Mental Health
9: I feel so alone. How can I help someone better understand my needs?

“9: I feel so alone. How can I help someone better understand my needs?” Mental Health: Help for Me (2019)

“I Feel So Alone,” Mental Health: Help for Me

man sitting with others

I feel so alone. How can I help someone better understand my needs?

There is great value in developing and maintaining relationships. Pray for courage to talk to someone you trust, such as a family member, friend, Church leader, or mental health professional. Remember that some people will be more open and understanding than others because of their knowledge, sensitivity, and life experiences. Ask for a time to speak together—you are more likely to have a helpful discussion if the person you are speaking with is prepared and ready to focus on what you are saying. You can say (or text) something as simple as, “Hey, I’m having a hard time and really need someone to listen.”

Read through the questions below and think about how you would respond. These ideas can help you start a conversation.

  • What are you experiencing physically? Talk about your symptoms, such as chronic fatigue, frequent headaches, mind racing, nausea, restlessness, slower movements or reactions, substance abuse, unexplained muscle pain, or changes in appetite, weight, or sleep patterns.

  • What are you feeling emotionally? Be descriptive—there is a lot going on when you are feeling overwhelmed and struggling with mental illness. Be sure to express feelings such as hopelessness, self-loathing, irritability, isolation, anxiety, sadness, fear, or guilt. Talk about how often you experience these emotions.

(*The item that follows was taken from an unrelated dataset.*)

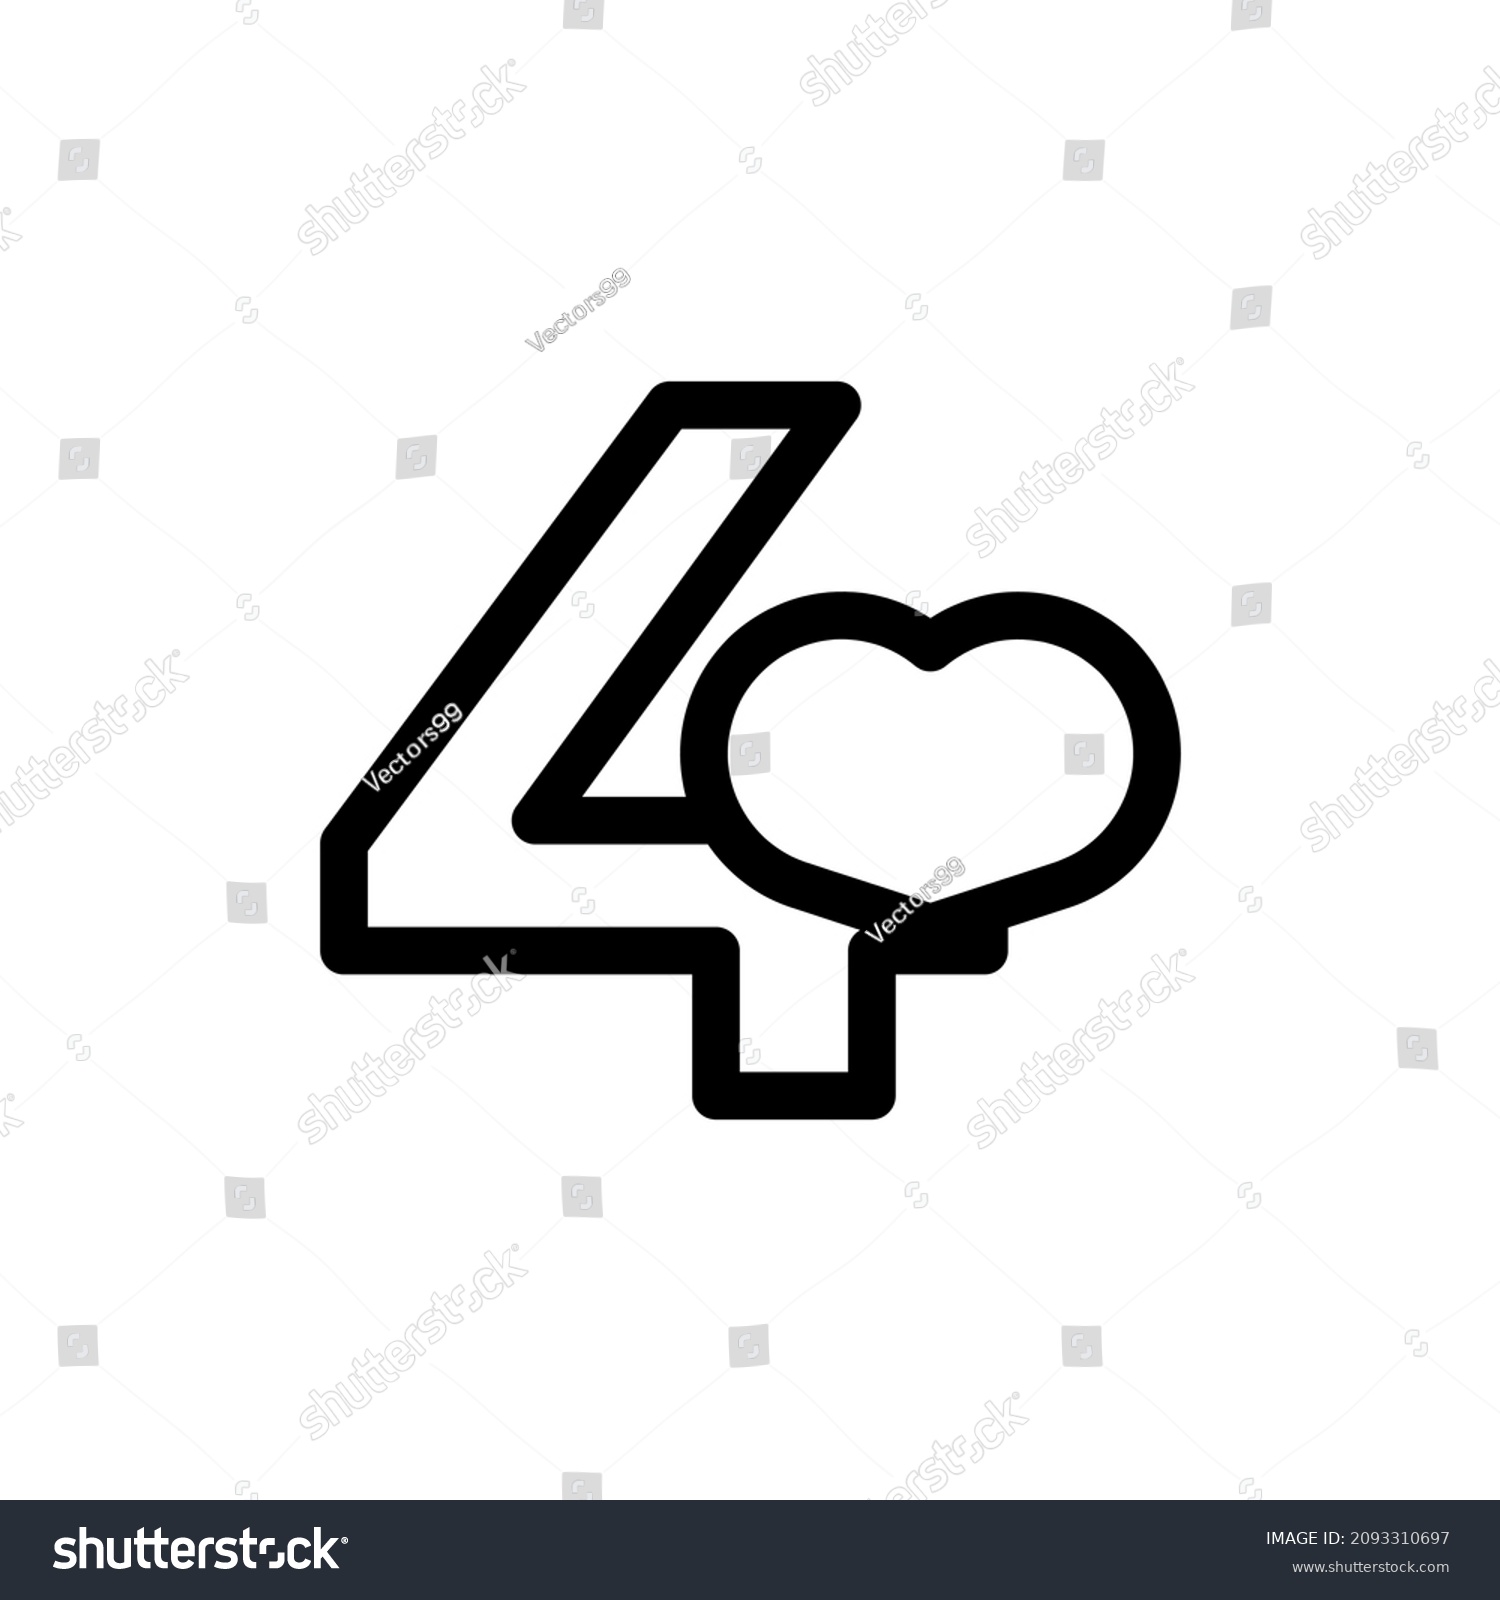 SVG of Number 4 with Heart Love in Line Style Logo Design Template Element svg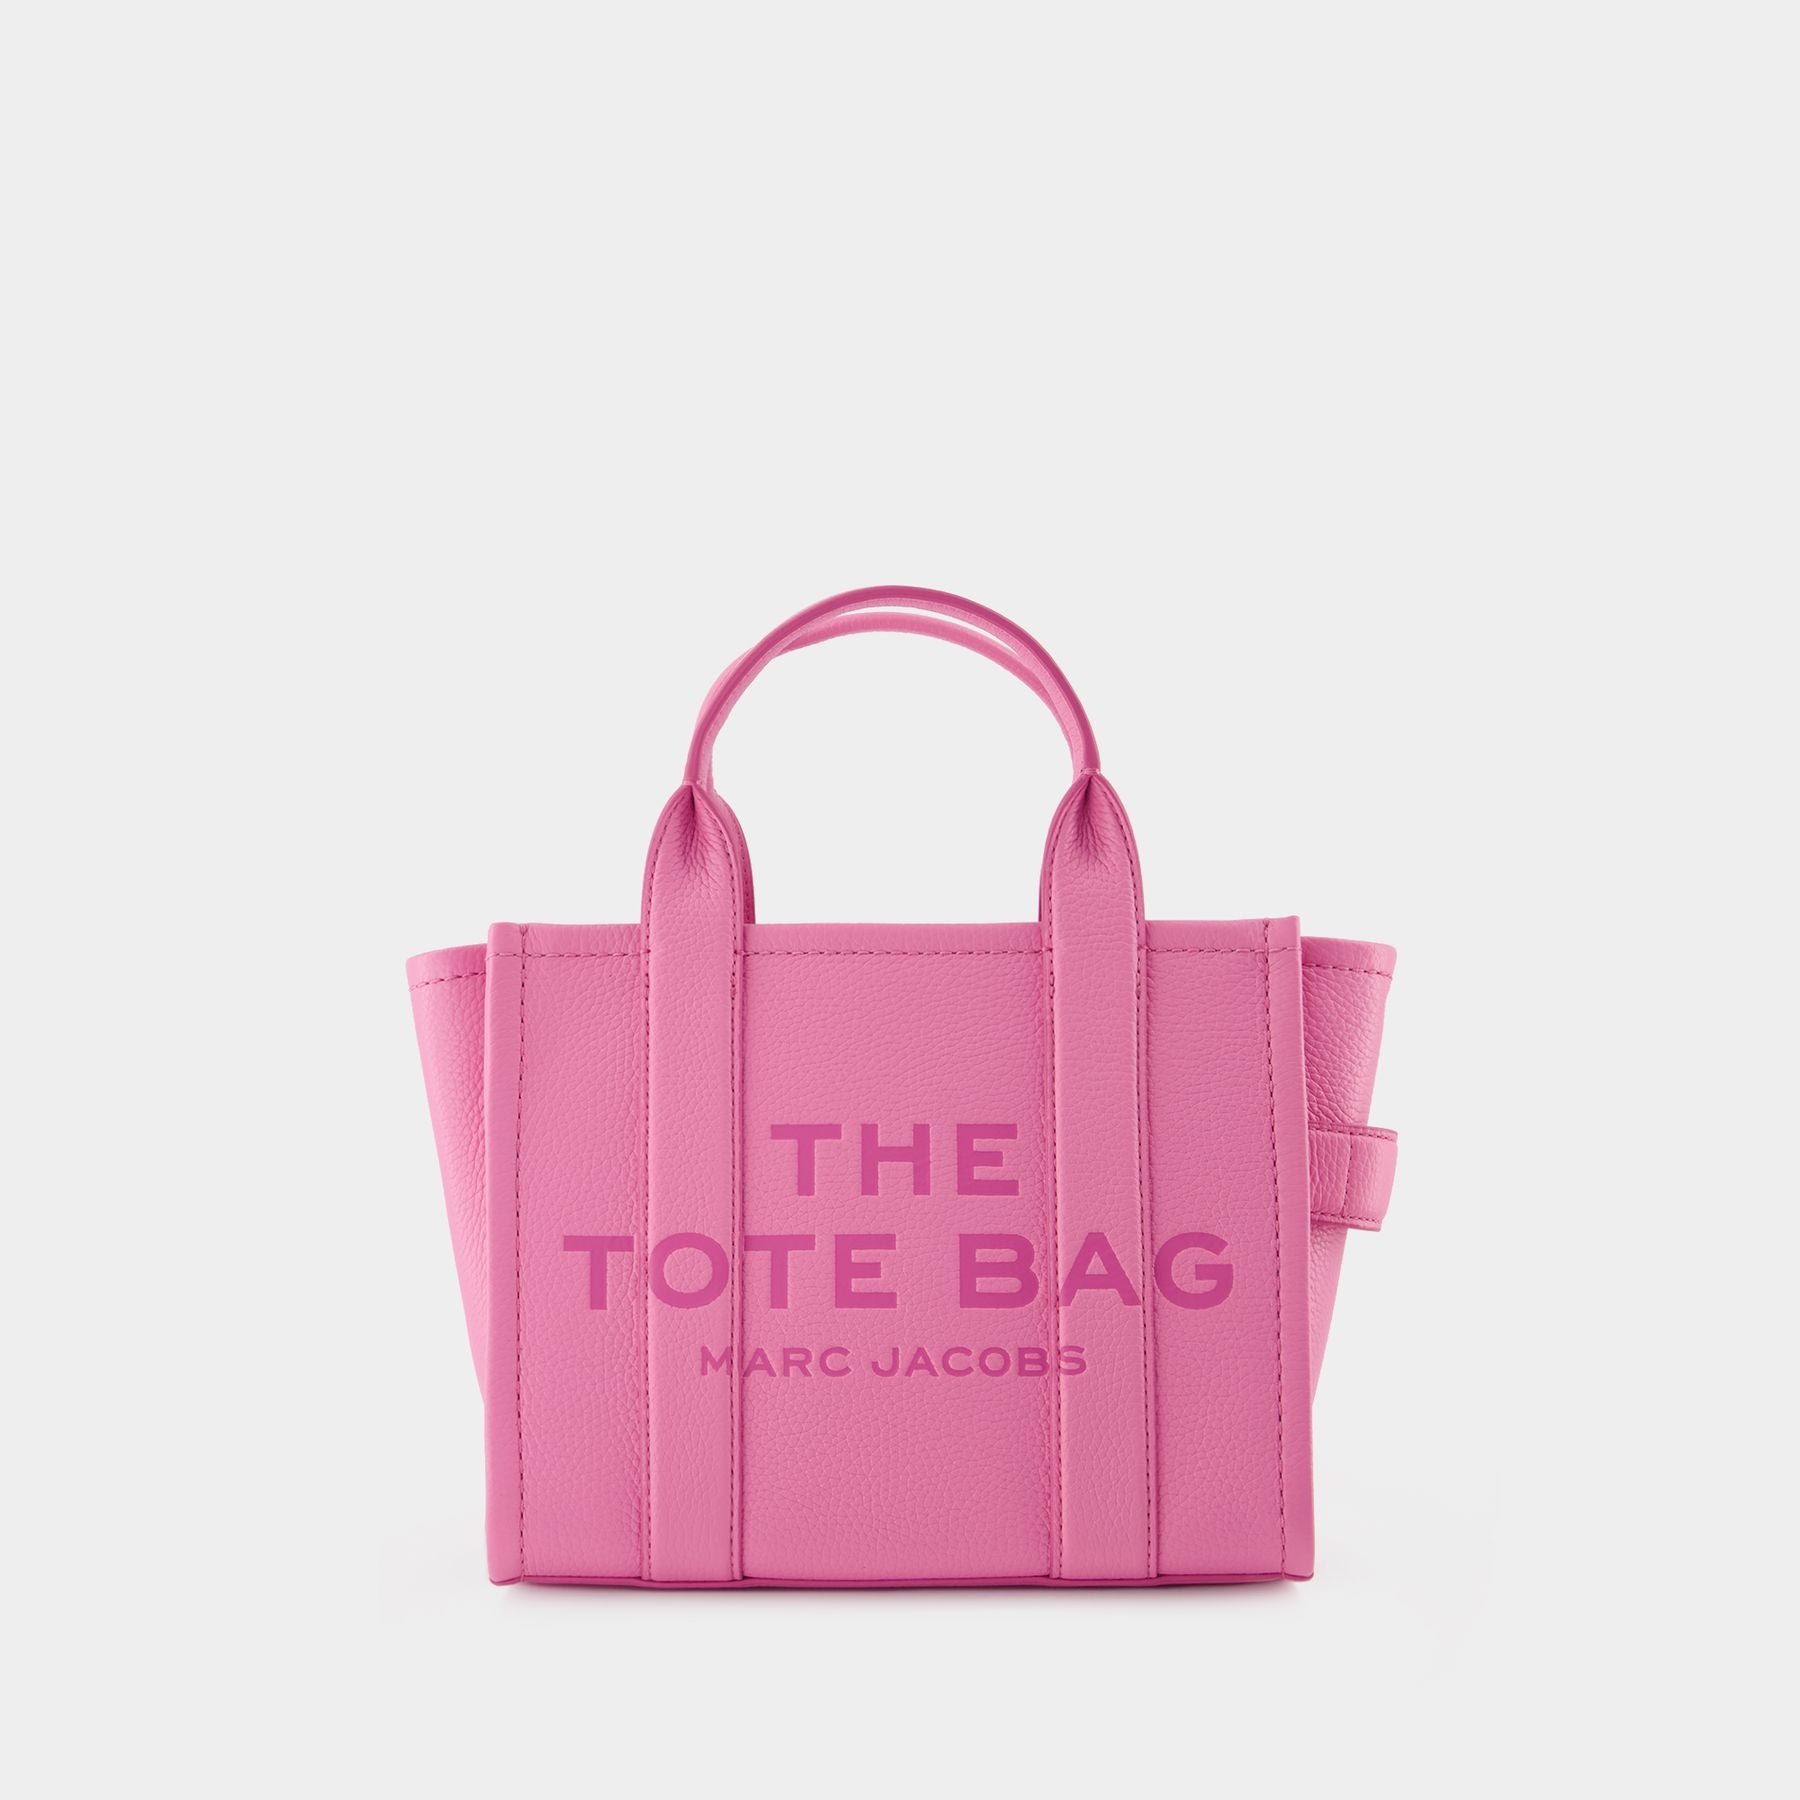 Marc Jacobs The Mini Tote Tote in Rose-Pink Leather

  • What do you struggle with socially? Consider how you interact with your family members, friends, coworkers, and others. Talk about any behavioral changes you’ve noticed, such as frequent or unexplained sadness, withdrawal from others, lack of personal hygiene, disinterest in activities you used to enjoy, or less energy and motivation.

  • What makes thinking difficult? Daily life can be especially challenging when your cognitive function is altered or impaired. Discuss any symptoms you may have, such as thoughts of self-harm, indecisiveness, confusion, difficulty remembering things, or thoughts of death and suicide. Talk about how often you have these thoughts and what you wish was different.